А ведь в юности был симпатичным. Немного скучным, но милым. Нынешнему Вольдемару так и хочется пощечину залепить. Впрочем, это уже было. Тогда, в Париже. С нее начался их медовый месяц. Смешно вспомнить.
– А помнишь наш медовый месяц? – раздалось с кушетки.
Как будто мысли ее прочел.
– Жаль, что тогда все быстро закончилось.
Его голосок стал до того масленым, что Иду передернуло. Желая скрыть отвращение, она потянулась за сигаретой, но тут же одернула себя.
Ребенку вредно дышать сигаретным дымом.
Горовиц внезапно поднялся, в три шага добежал до нее и склонился, открыв портсигар.
– Я знаю, ты любишь «Житан».
– Откуда тебе известно?
Вольдемар слегка смешался, но тут же улыбнулся, как ему казалось, обольстительно.
– Ты сама похожа на цыганку.
Ида отстранилась, не взяв сигарету.
– Хочешь сказать, что я нахальна и груба?
– Да ни боже мой! – с еврейской интонацией воскликнул кузен и приложил руки к груди.
Ему казалось, что у него получается шутить смешно, а ей хотелось плюнуть ему в рожу. Не за пошлые ухаживания. За бездарную игру.
– Не будем курить при ребенке.
– Пустяки! Потерпит!
И тут же спохватился:
– А, впрочем, да, конечно. Но мы можем отослать ее в другую комнату. У тебя есть детская?
Она взглянула на него так, что он отскочил.

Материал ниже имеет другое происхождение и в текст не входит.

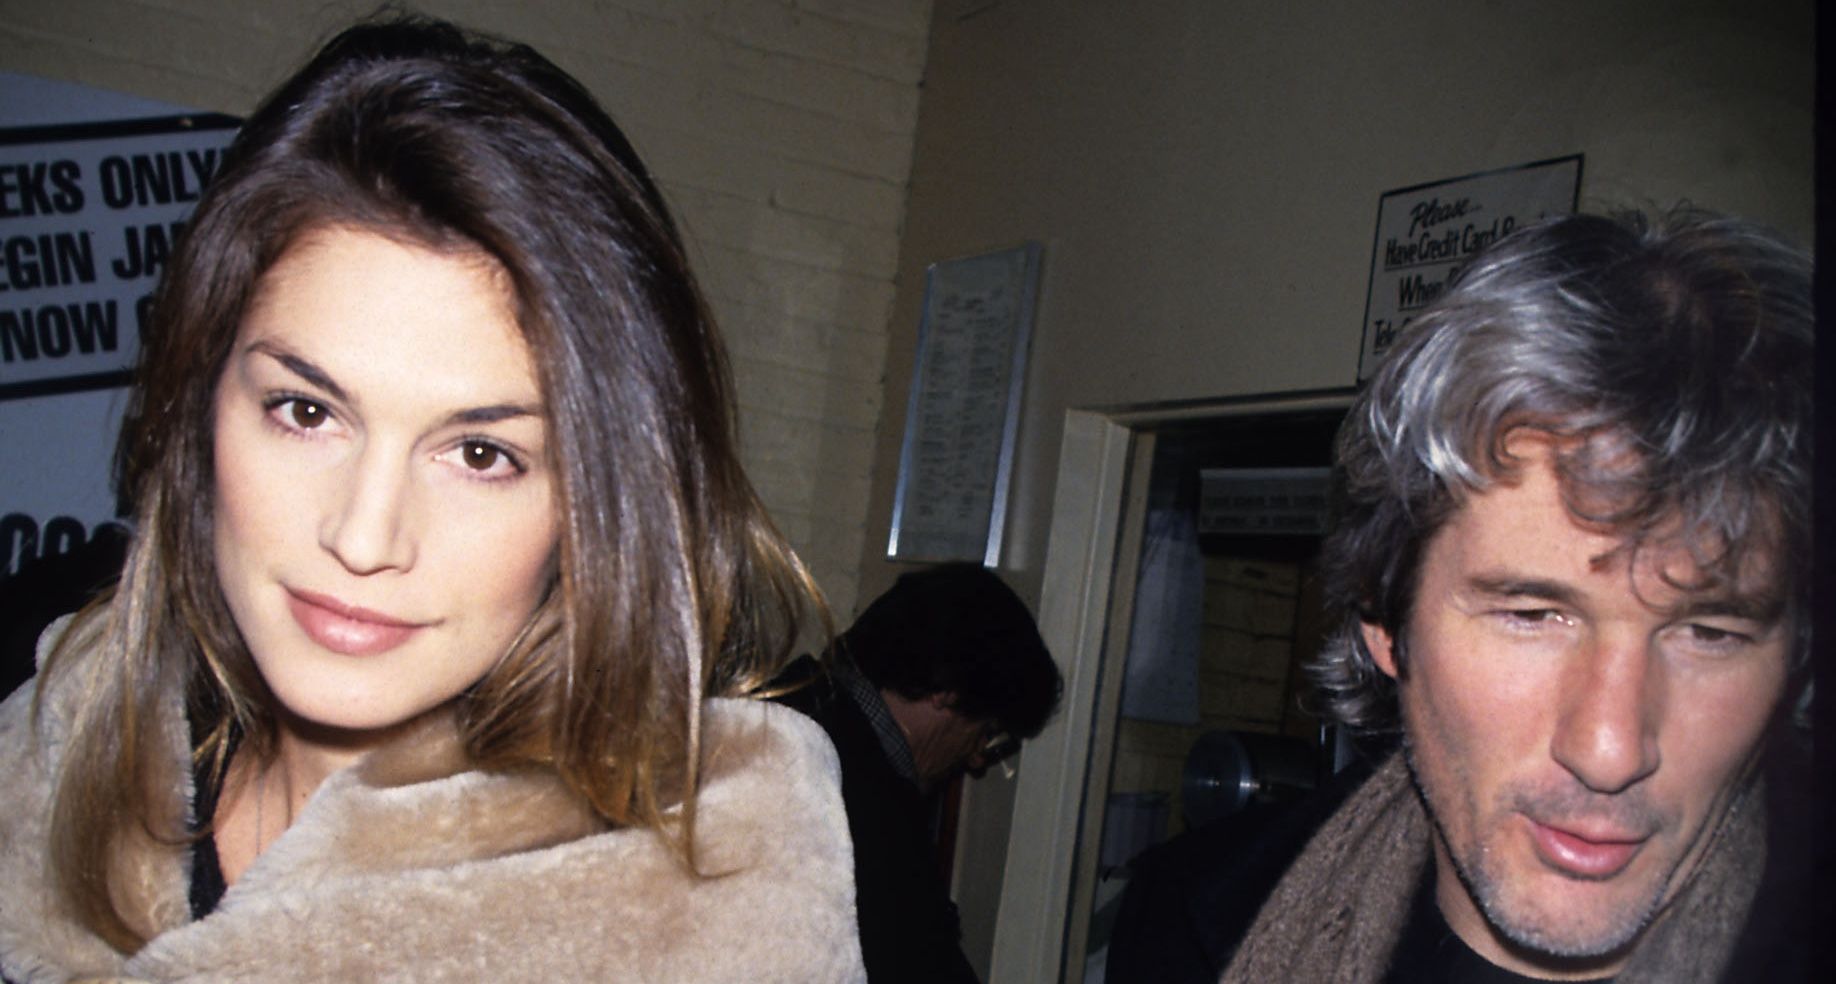 Richard Gere Is Now "Like A Stranger" To Cindy Crawford After Their 1995 Divorce

– Ах, прости, прости, Идуся! Не подумавши ляпнул! Мари может просто погулять в саду.
– В саду гуляет Гарольд.
– Кто такой Гарольд?
– Леопард, которого я привезла из Африки. Пожаловала его в церемониймейстеры при моем дворе.
Вольдемар тут же примостился рядом, схватил ее руку и прижал к губам.
– Ты – настоящая королева! Царица Савская! Я тоже не прочь получить должность при твоем дворе!
Ида чуть не послала его. По-русски. Трехэтажным матом.
Уже рот открыла, но передумала. Нет, не годится. Сначала узнаем, что у него на уме и при чем тут его внучка.
Сама не зная почему, она была уверена, что именно в ней все дело.
И неожиданно подумала: «Если только Мари действительно внучка».
Эта внезапно пришедшая в голову мысль казалась фантасмагоричной, но по опыту Ида знала: именно на странные и нелепые мысли надо обращать самое пристальное внимание.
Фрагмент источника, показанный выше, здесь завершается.